What the task asks:
Write out the entries below exactly, but only from the line containing "AdhyaShakti Apartment" through the line containing "Beautiful English roses", and without the pictures.

Provided information:
..............................
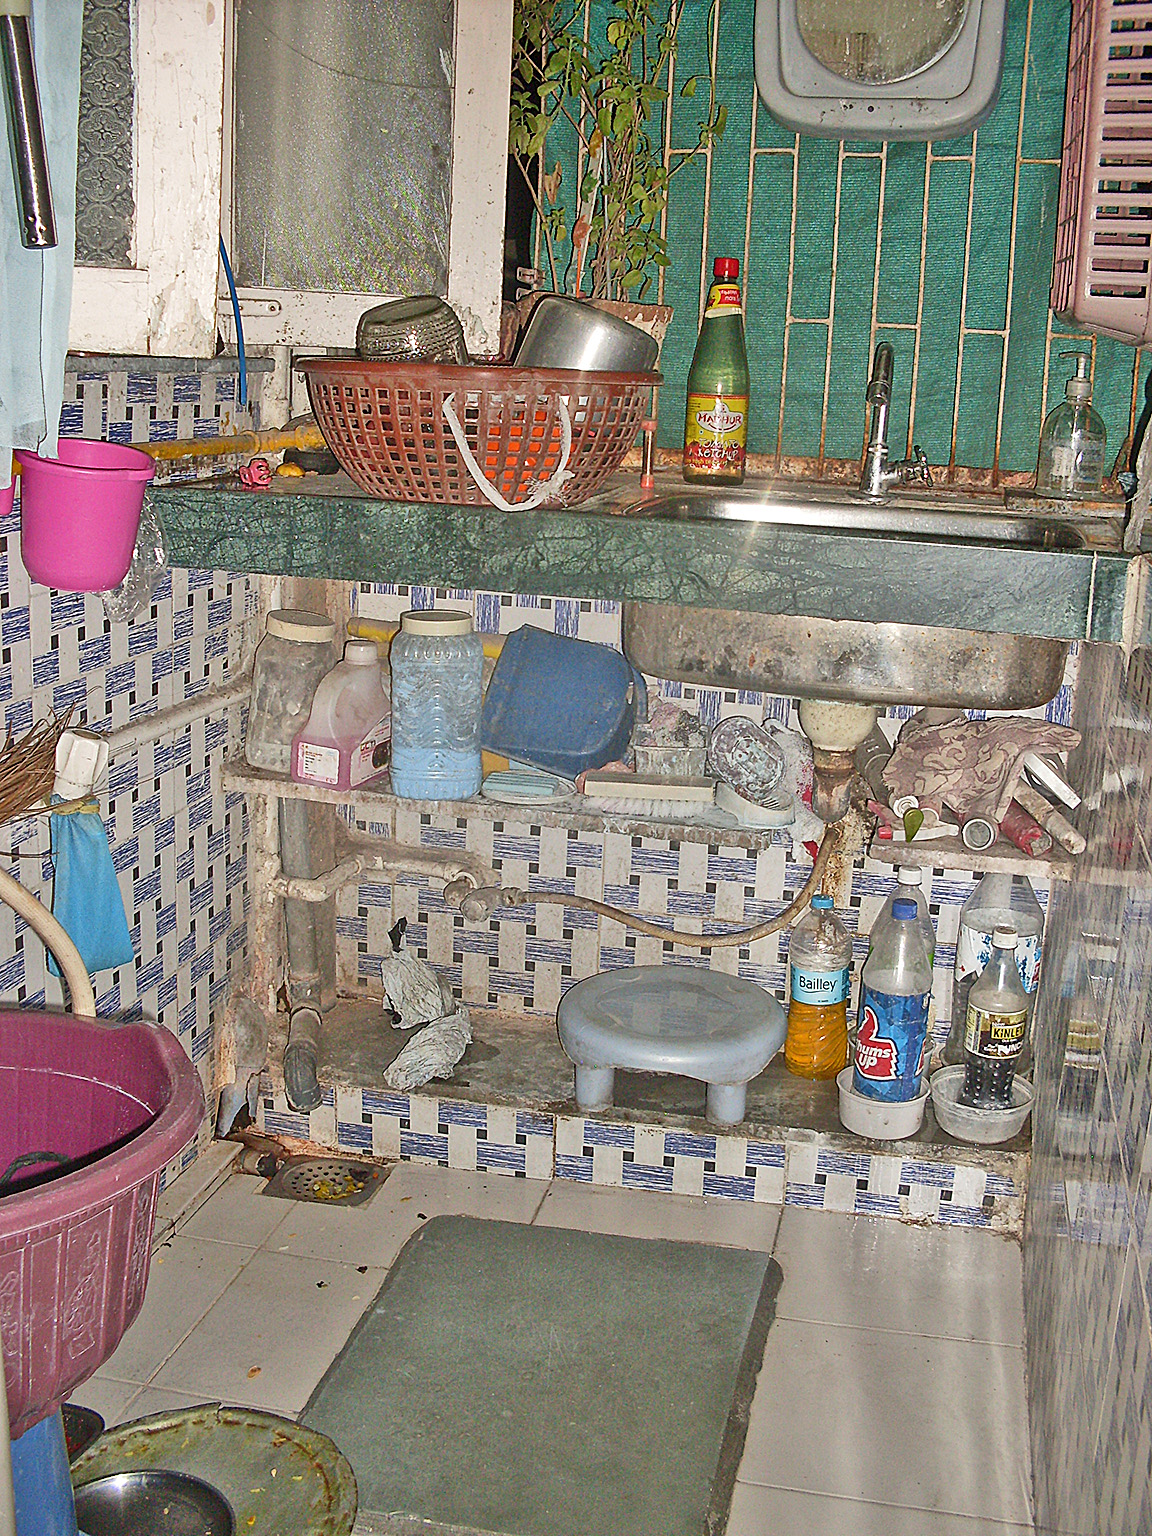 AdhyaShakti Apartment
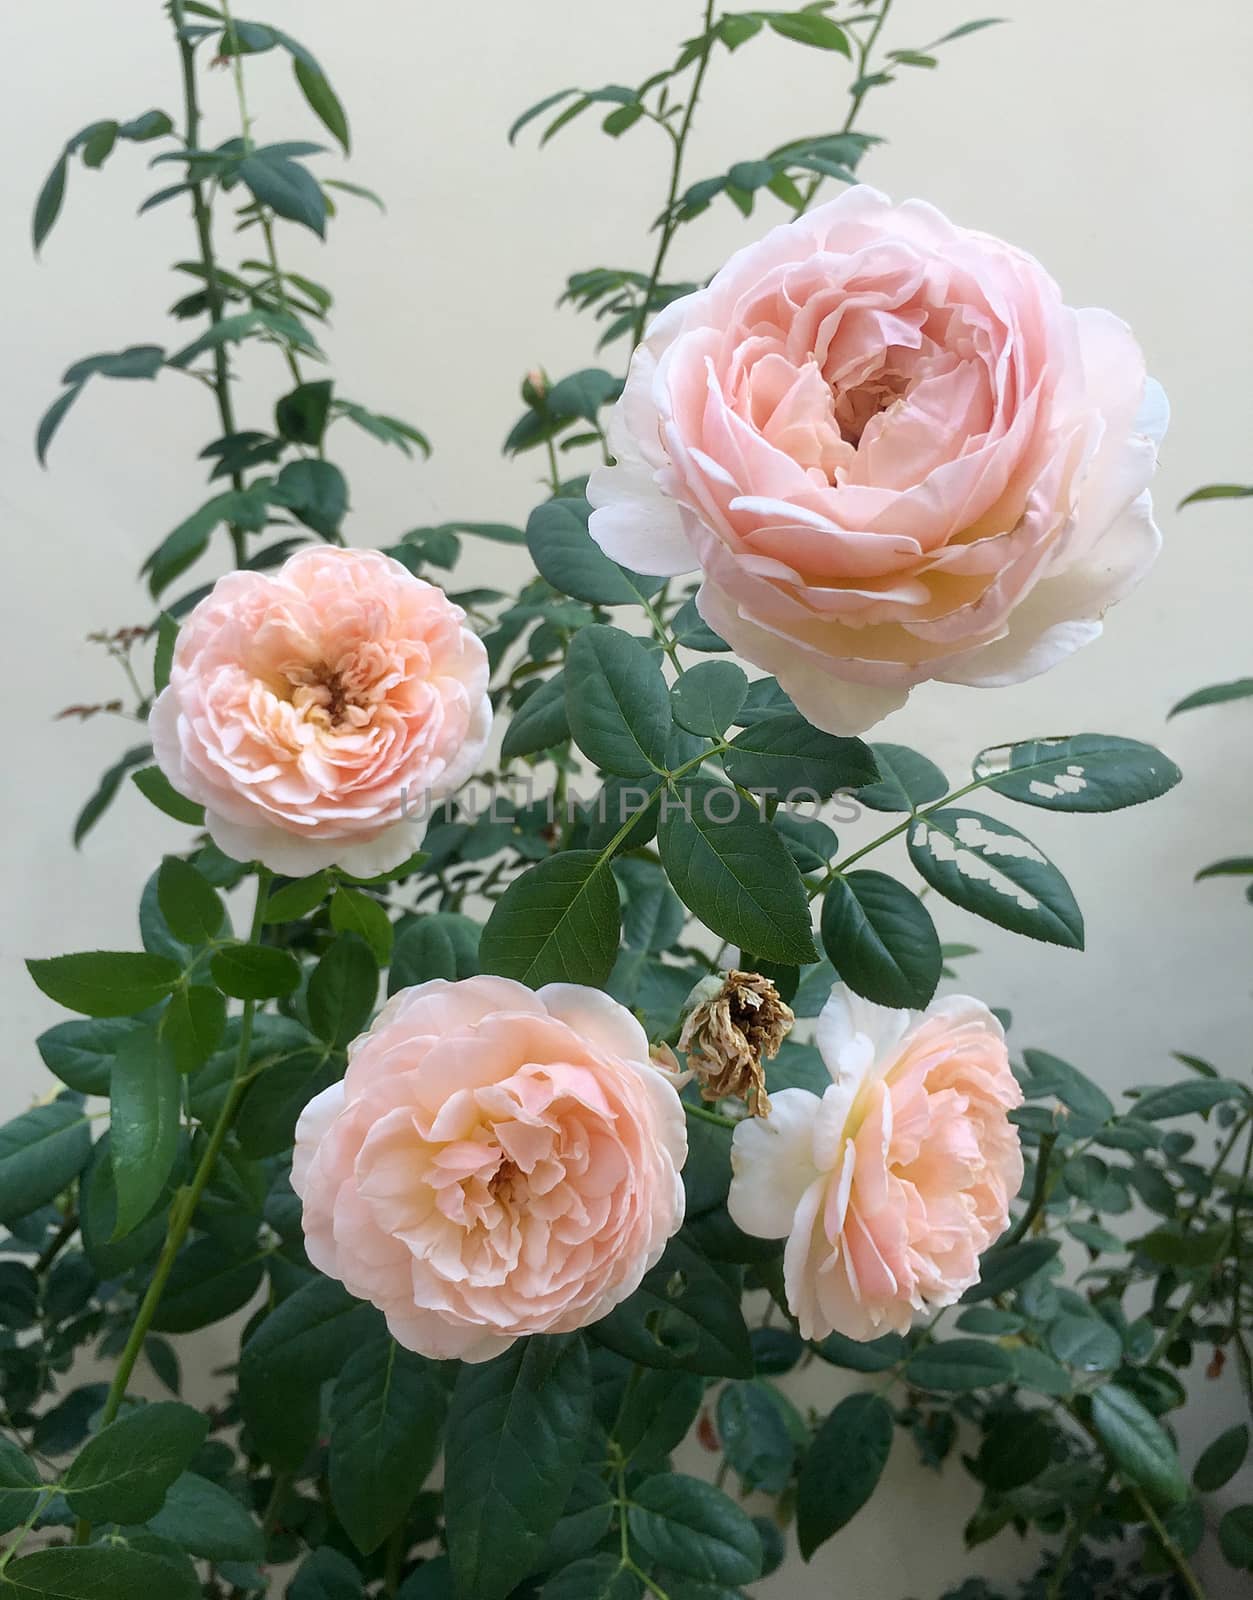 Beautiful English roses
..............................
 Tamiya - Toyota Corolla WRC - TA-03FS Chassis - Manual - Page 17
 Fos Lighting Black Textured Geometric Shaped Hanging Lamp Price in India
..............................
Result below:
 AdhyaShakti Apartment
 Beautiful English roses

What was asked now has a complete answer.